- **Exercise details**
Output the listing exactly, without its pictures.
====== Given information
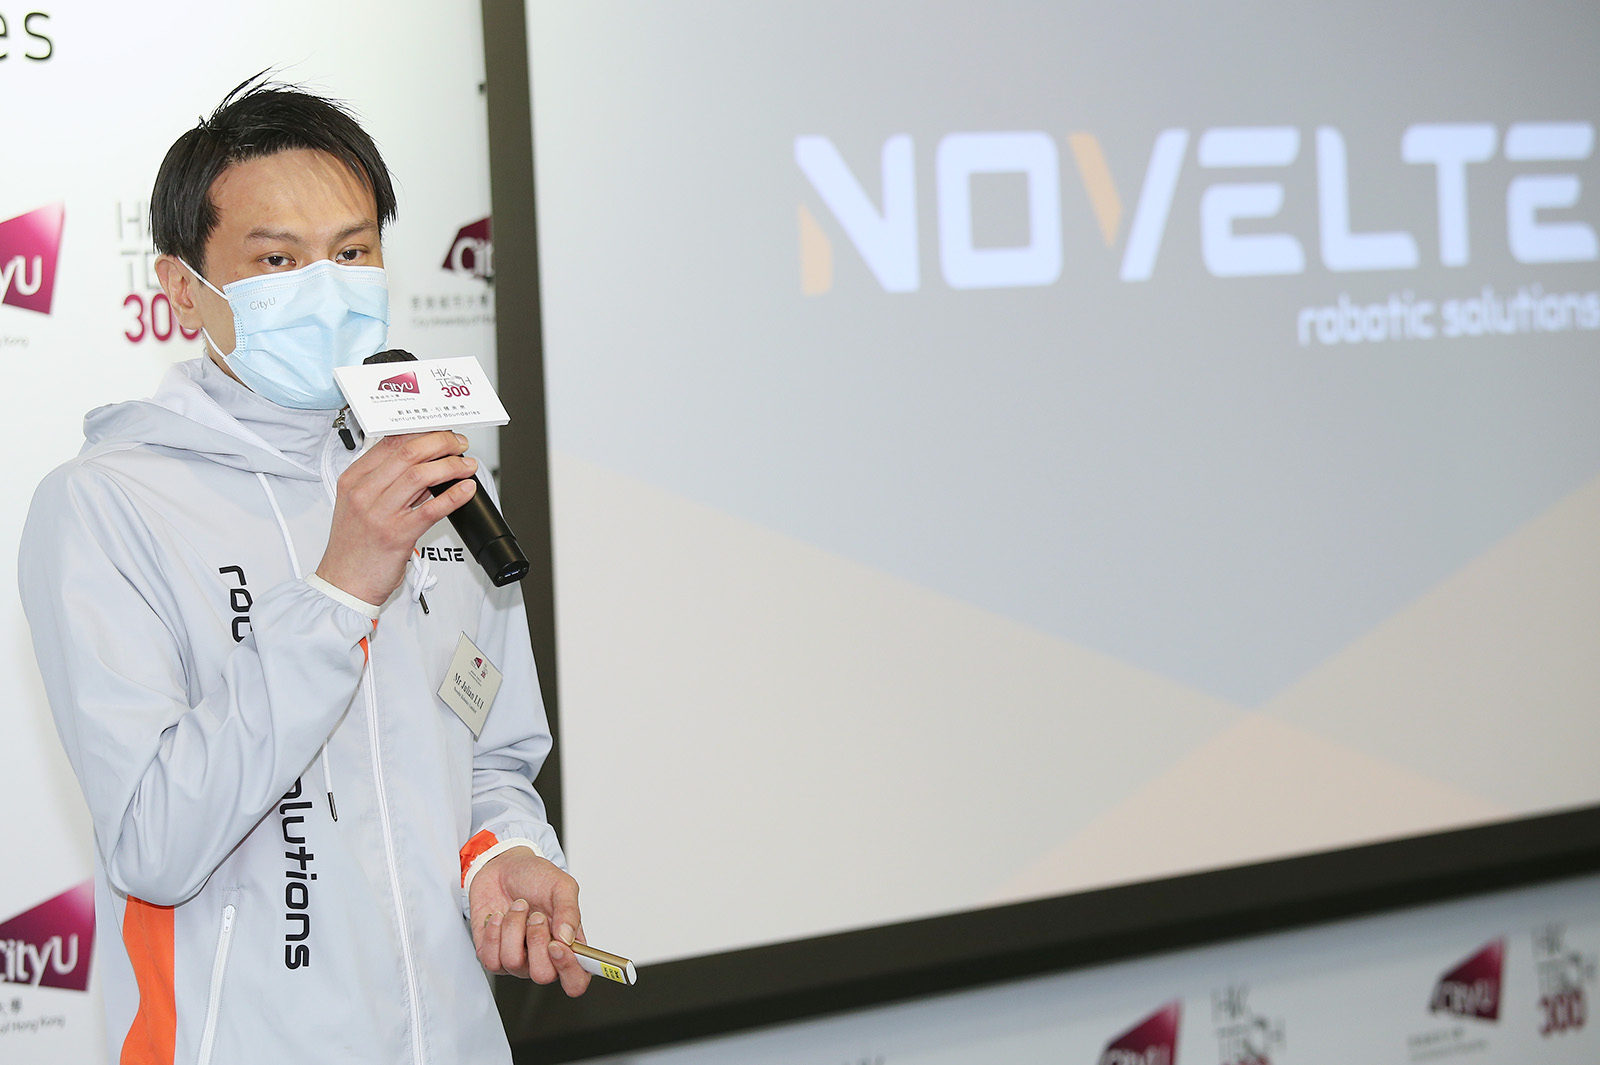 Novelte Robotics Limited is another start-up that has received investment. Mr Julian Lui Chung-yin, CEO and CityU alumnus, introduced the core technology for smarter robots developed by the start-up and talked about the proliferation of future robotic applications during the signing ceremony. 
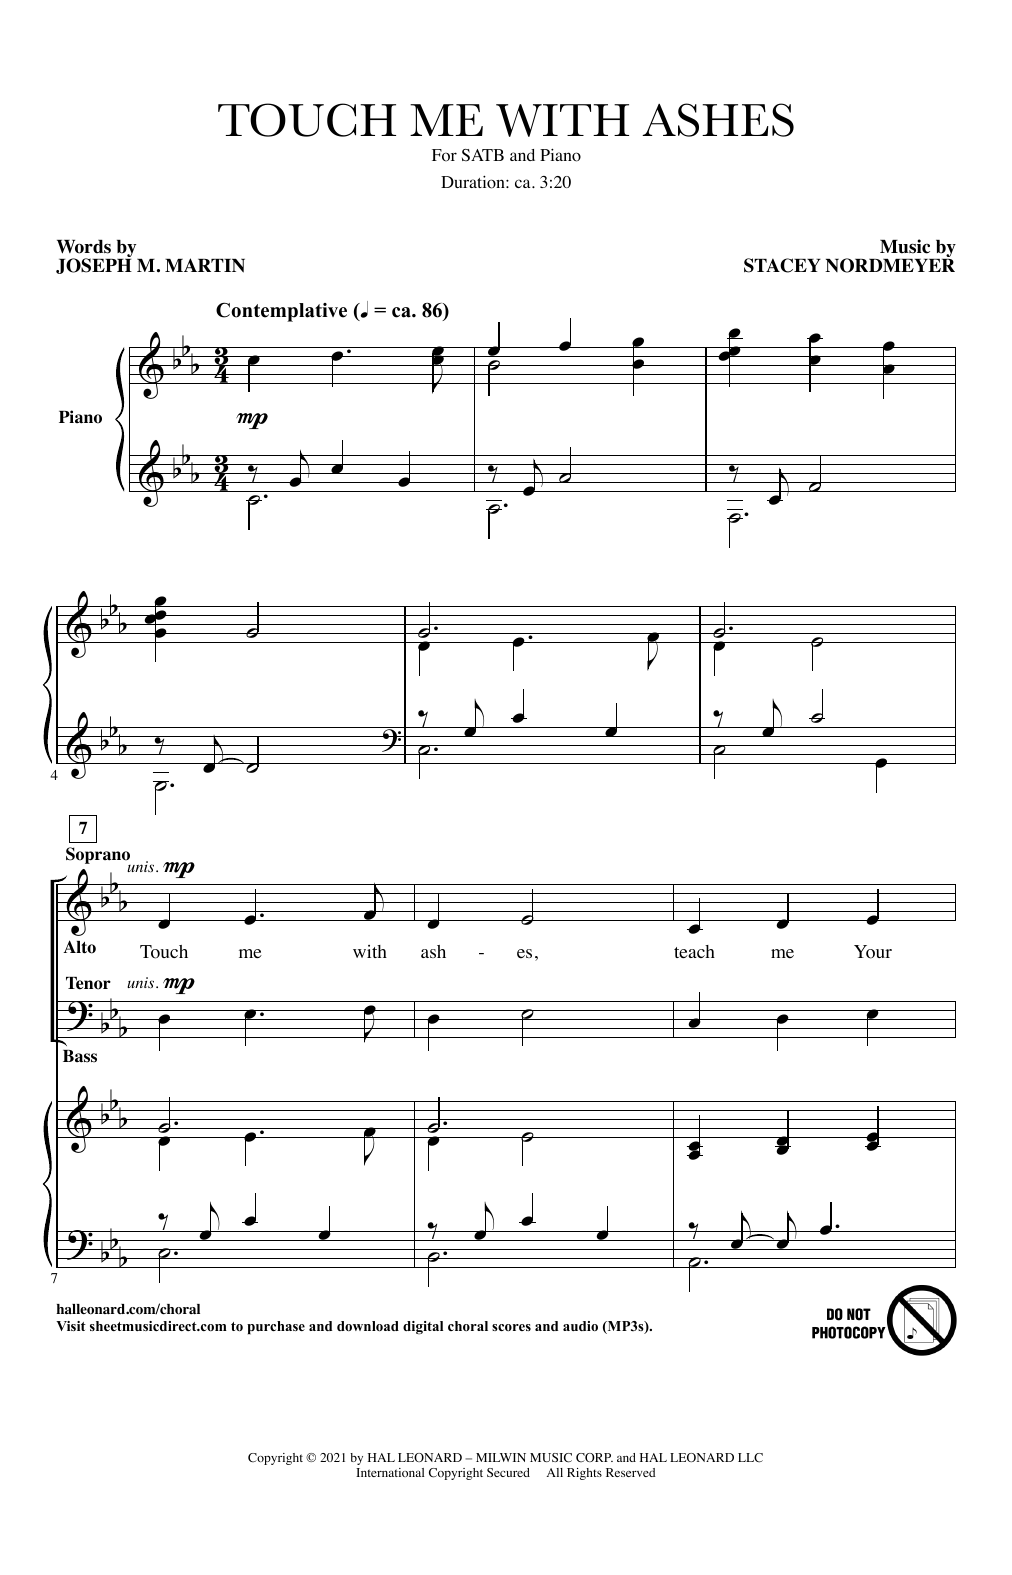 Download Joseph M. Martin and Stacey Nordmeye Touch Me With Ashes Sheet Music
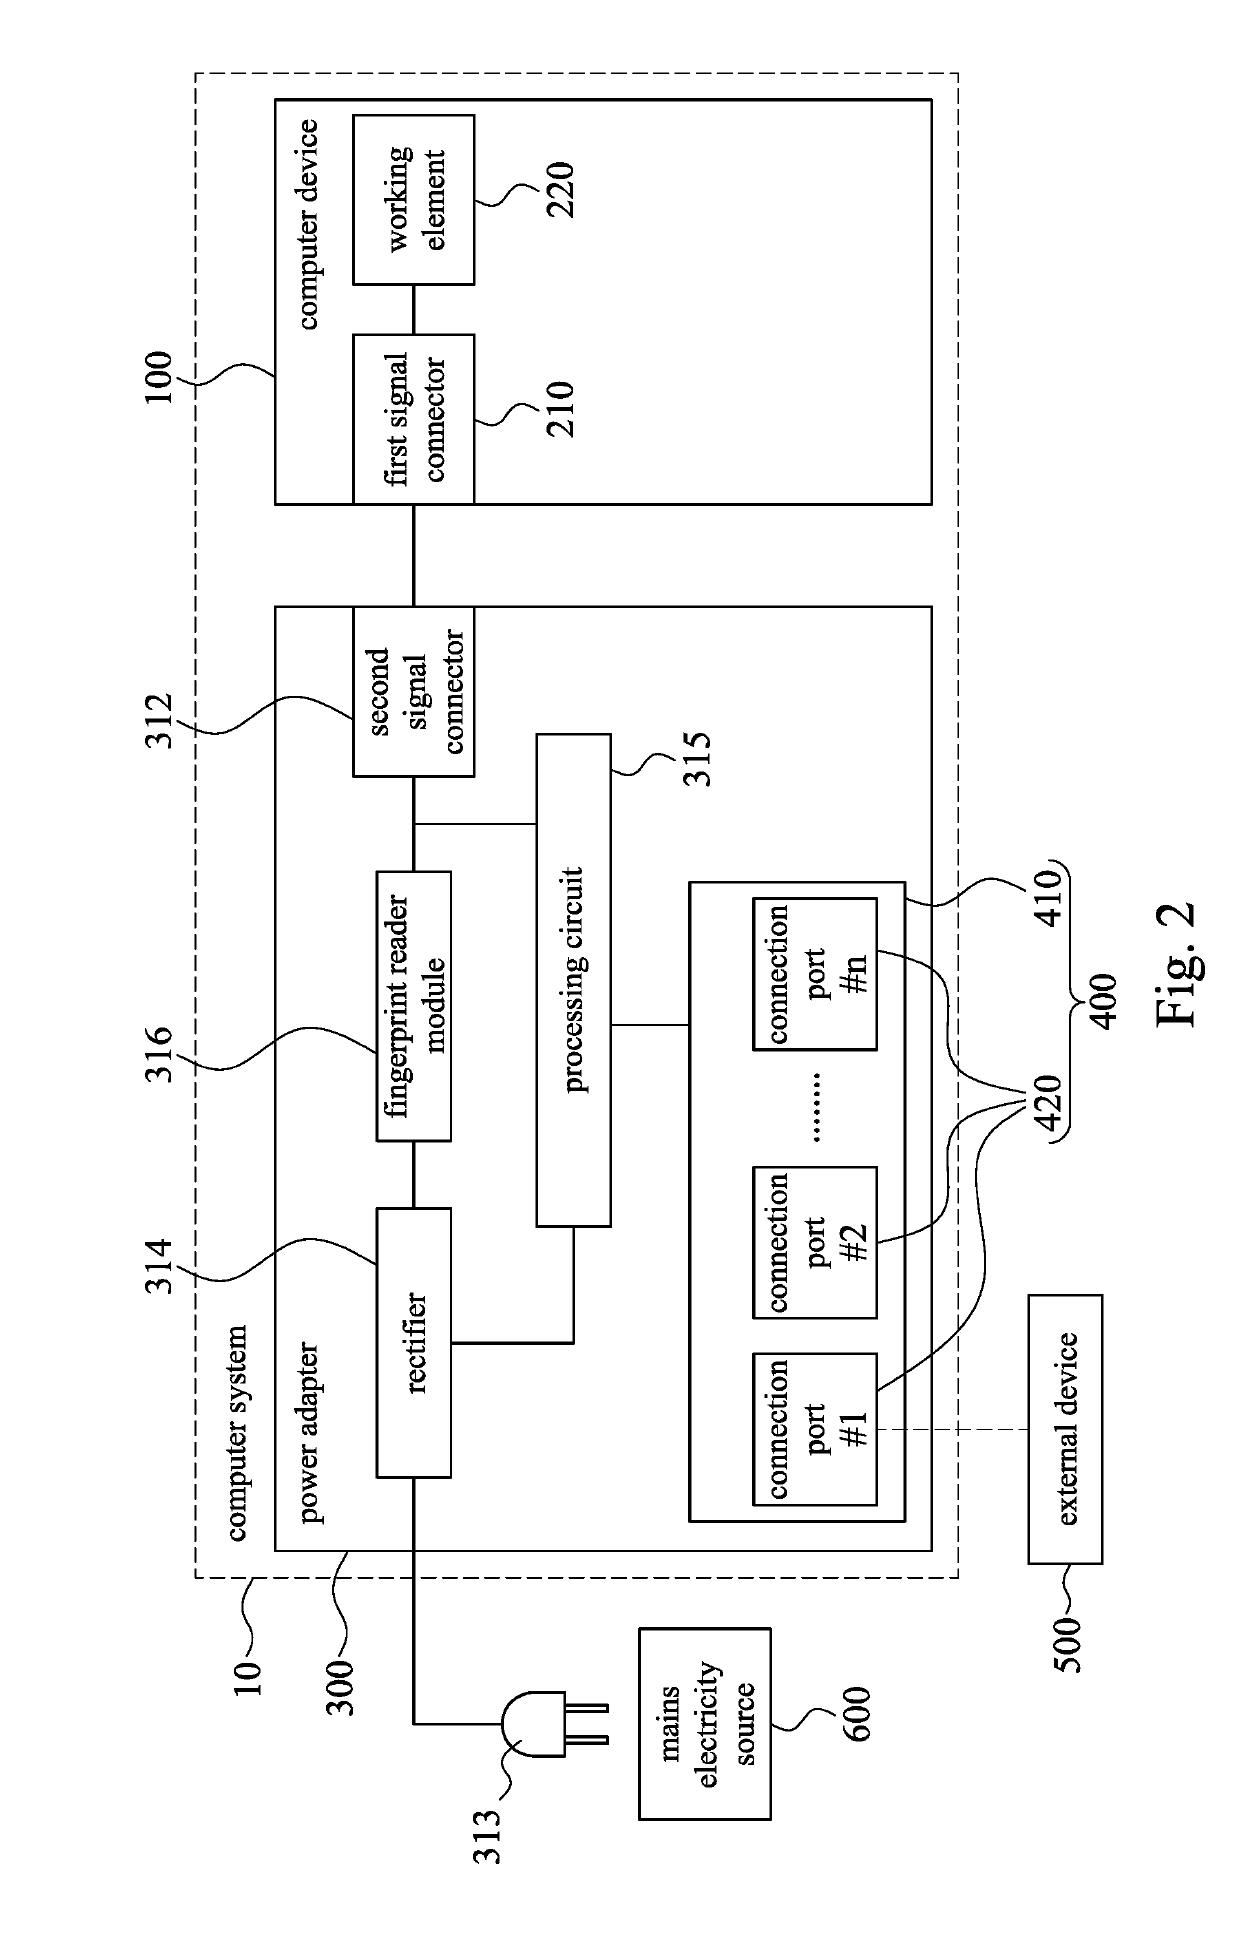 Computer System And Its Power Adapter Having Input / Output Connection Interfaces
============
- **Response**
 Novelte Robotics Limited is another start-up that has received investment. Mr Julian Lui Chung-yin, CEO and CityU alumnus, introduced the core technology for smarter robots developed by the start-up and talked about the proliferation of future robotic applications during the signing ceremony. 
 Download Joseph M. Martin and Stacey Nordmeye Touch Me With Ashes Sheet Music
 Computer System And Its Power Adapter Having Input / Output Connection Interfaces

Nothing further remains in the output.